● WHAT IS NEEDED:
Report every line from the following entries that contains the string "Shirt".

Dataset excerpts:
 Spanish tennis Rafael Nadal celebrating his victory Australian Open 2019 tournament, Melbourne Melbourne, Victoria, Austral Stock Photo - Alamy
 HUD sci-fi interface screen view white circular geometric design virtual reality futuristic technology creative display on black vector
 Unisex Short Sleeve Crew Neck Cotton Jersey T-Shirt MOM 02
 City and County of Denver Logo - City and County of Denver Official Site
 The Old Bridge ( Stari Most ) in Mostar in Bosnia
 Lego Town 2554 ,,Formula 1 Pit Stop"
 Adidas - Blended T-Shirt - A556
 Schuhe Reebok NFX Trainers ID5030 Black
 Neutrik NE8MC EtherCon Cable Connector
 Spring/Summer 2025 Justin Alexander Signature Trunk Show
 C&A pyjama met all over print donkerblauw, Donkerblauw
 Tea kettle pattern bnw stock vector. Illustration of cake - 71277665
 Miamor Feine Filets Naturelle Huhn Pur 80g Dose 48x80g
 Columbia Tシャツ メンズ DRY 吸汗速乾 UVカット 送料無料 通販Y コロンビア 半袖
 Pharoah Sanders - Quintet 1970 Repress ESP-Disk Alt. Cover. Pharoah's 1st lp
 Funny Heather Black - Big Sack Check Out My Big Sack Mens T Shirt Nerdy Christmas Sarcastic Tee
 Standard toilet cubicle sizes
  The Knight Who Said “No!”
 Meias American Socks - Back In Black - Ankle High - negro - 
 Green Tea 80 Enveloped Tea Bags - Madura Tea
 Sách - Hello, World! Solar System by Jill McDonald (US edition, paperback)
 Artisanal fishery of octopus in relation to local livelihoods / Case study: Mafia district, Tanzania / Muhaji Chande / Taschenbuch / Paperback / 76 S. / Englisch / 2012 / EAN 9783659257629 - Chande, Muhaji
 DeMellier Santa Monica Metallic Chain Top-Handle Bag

● COMPLETED EXERCISE:
 Unisex Short Sleeve Crew Neck Cotton Jersey T-Shirt MOM 02
 Adidas - Blended T-Shirt - A556
 Funny Heather Black - Big Sack Check Out My Big Sack Mens T Shirt Nerdy Christmas Sarcastic Tee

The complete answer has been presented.